Line by line, repeat the material below exactly and leave the images out.

• _Dataset extract_
_ _ _

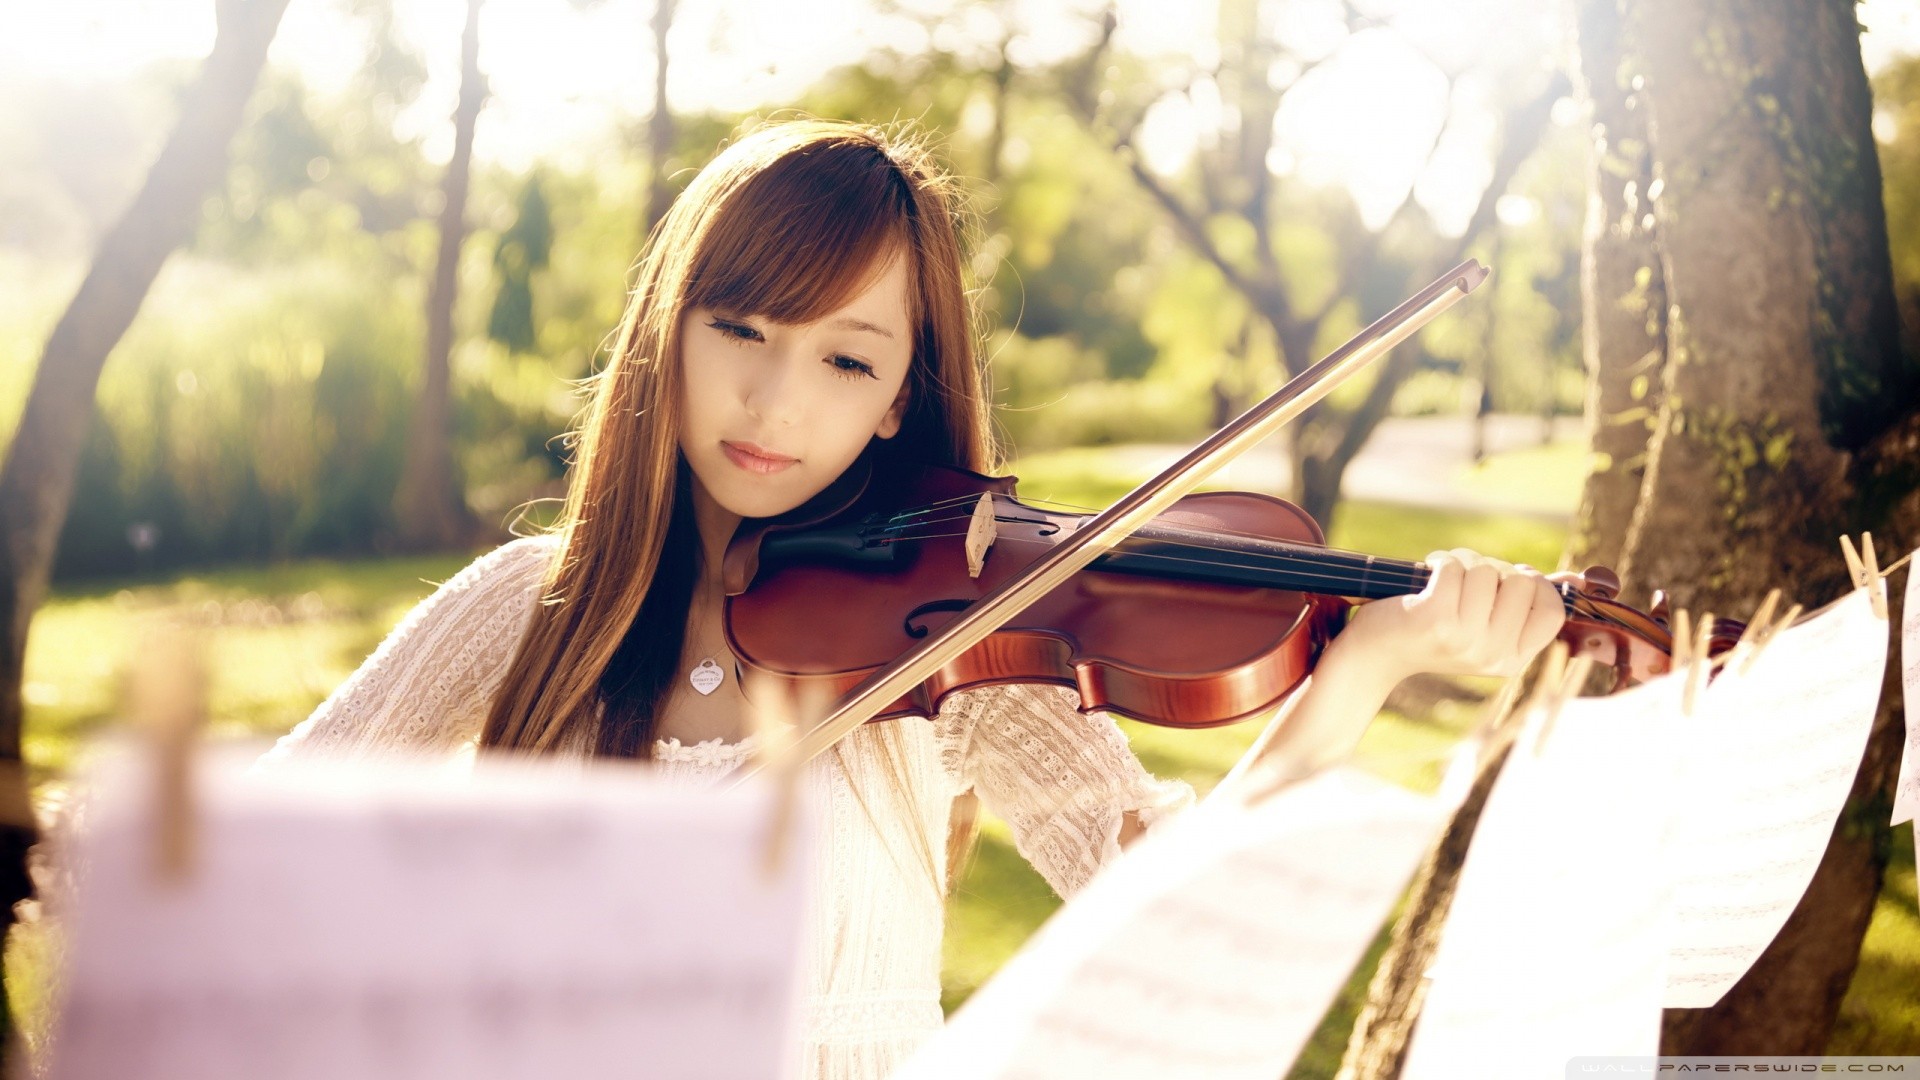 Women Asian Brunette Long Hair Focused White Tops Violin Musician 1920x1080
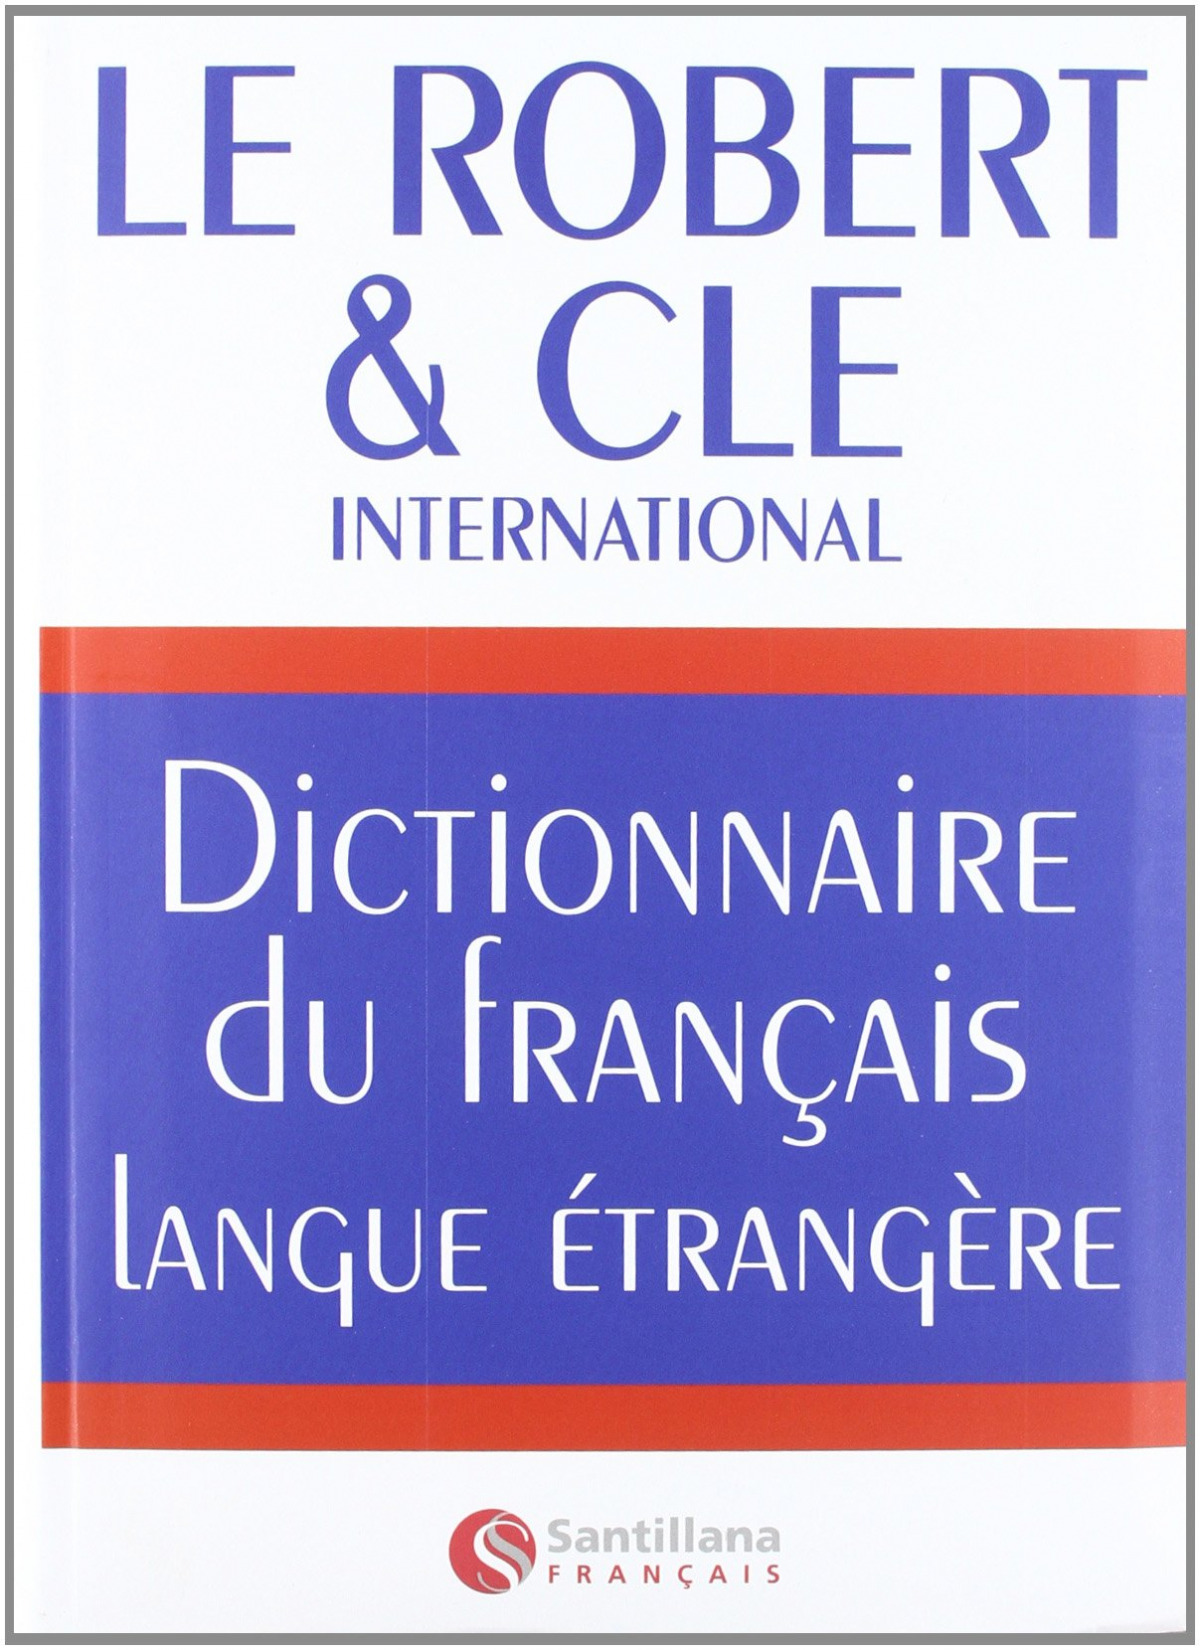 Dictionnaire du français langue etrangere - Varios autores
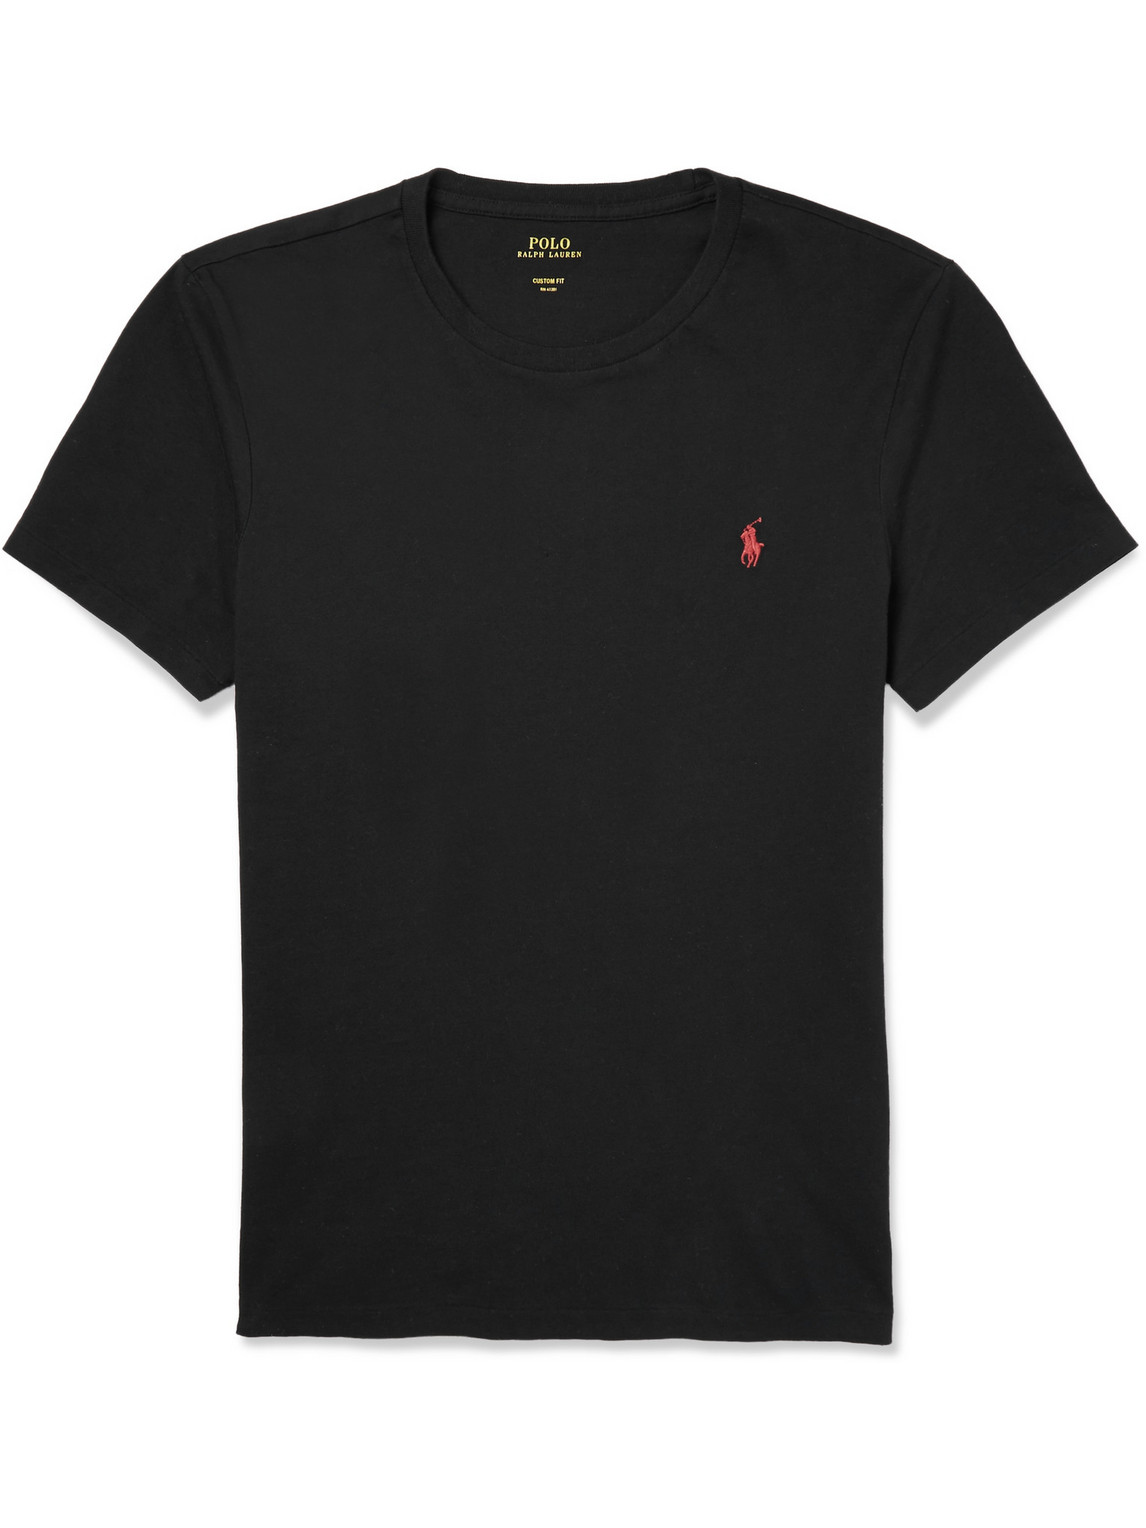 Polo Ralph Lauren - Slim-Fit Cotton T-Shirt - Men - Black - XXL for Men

_ _ _

• _Output below_
 Women Asian Brunette Long Hair Focused White Tops Violin Musician 1920x1080
 Dictionnaire du français langue etrangere - Varios autores
 Polo Ralph Lauren - Slim-Fit Cotton T-Shirt - Men - Black - XXL for Men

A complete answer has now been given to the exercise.